What Is a Redeemable Tax Deed?
A redeemable
tax deed is something in between a lien and a deed. When you go to a
redeemable tax deed sale, you are actually purchasing the deed to the
property. If you are the successful bidder, you will receive a deed to
the property. That deed, however, is encumbered for a period of time
known as the redemption period (not to be confused with the redemption
period for liens). The owner can redeem the property by paying the
amount that was bid for the deed at the tax sale plus a hefty penalty.
If the deed is not redeemed during the redemption period then the
previous owner is barred from redeeming the property and the tax deed
holder is the owner of record and the legal owner of the property.
Which is Better, Redeemable Deeds or Tax Liens?
A
redeemable tax deed is very similar to tax liens, but there are some
important differences that I believe make redeemable deeds a better deal
for the investor. I will point out that every redeemable state treats
these deeds differently. In some states, like Texas for example, when
you purchase a redeemable deed you are considered the legal owner of the
property and can evict anyone who may be in the property once you
record the deed. The previous owner has redemption rights, but is no
longer considered the rightful owner of the property. But in Georgia,
which is another popular redeemable deed state, when you purchase a deed
you are not the legal owner of the property until the redemption period
is over and you foreclose on the property. In Georgia you must
foreclose the redeemable deed much like you would a lien in order to
take ownership of the property.
But in both states and in most
other redeemable deed states, in order to redeem the deed, the owner
must pay the investor what they bid at the tax sale plus a hefty
penalty, not interest. What this means is that if you purchase a
redeemable tax deed and it redeems a few days after you record the deed
you still get the full penalty amount.

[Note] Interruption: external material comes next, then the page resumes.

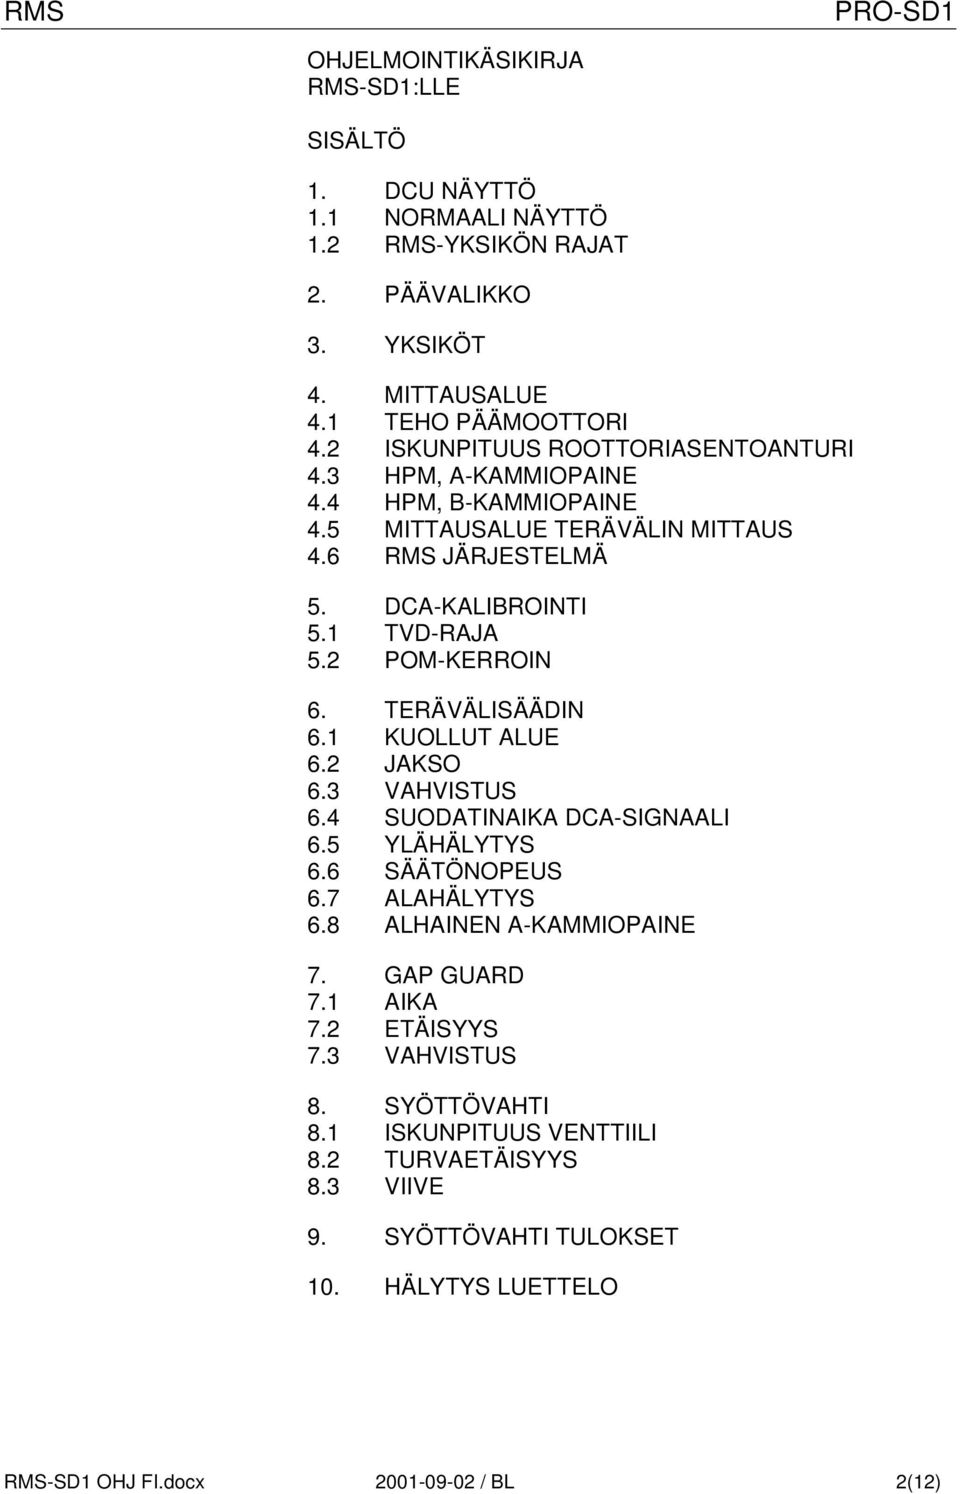 2 POM-KERROIN 6. TERÄVÄLISÄÄDIN 6.1 KUOLLUT ALUE 6.2 JAKSO 6.3 VAHVISTUS 6.4 SUODATINAIKA DCA-SIGNAALI 6.5 YLÄHÄLYTYS 6.6 SÄÄTÖNOPEUS 6.7 ALAHÄLYTYS 6.

You make the same interest on
your money if it redeems in 2 weeks or 2 years. A penalty is not
annualized like an interest payment would be.
What are the Drawbacks to Investing in Redeemable Deeds as Apposed to Tax Liens?
The
problem with investing in redeemable deeds is that there are only 5
states that sell them and none of these states have online tax sales, so
you have to show up for the auction in order to participate in the
sale. The 5 states that do sell redeemable tax deeds are Connecticut,
Georgia, Hawaii, Tennessee, and Texas.
The sky is the limit.If you are interested in learning more about Tax Deeds and Liens, you should click on the link below. It is a great place to get started if investing in real estate is what you are looking to do. Yes, you can still make a fortune in Real Estate with this Ultimate Real Estate system. >>> http://bit.ly/1ukjzFZ
To find out more about Tax Lien and Tax Deed investing go to http://www.TaxLienInvestingBasics.com and get your free special report on the 7 Steps to Building Your Profitable Tax Lien Portfolio.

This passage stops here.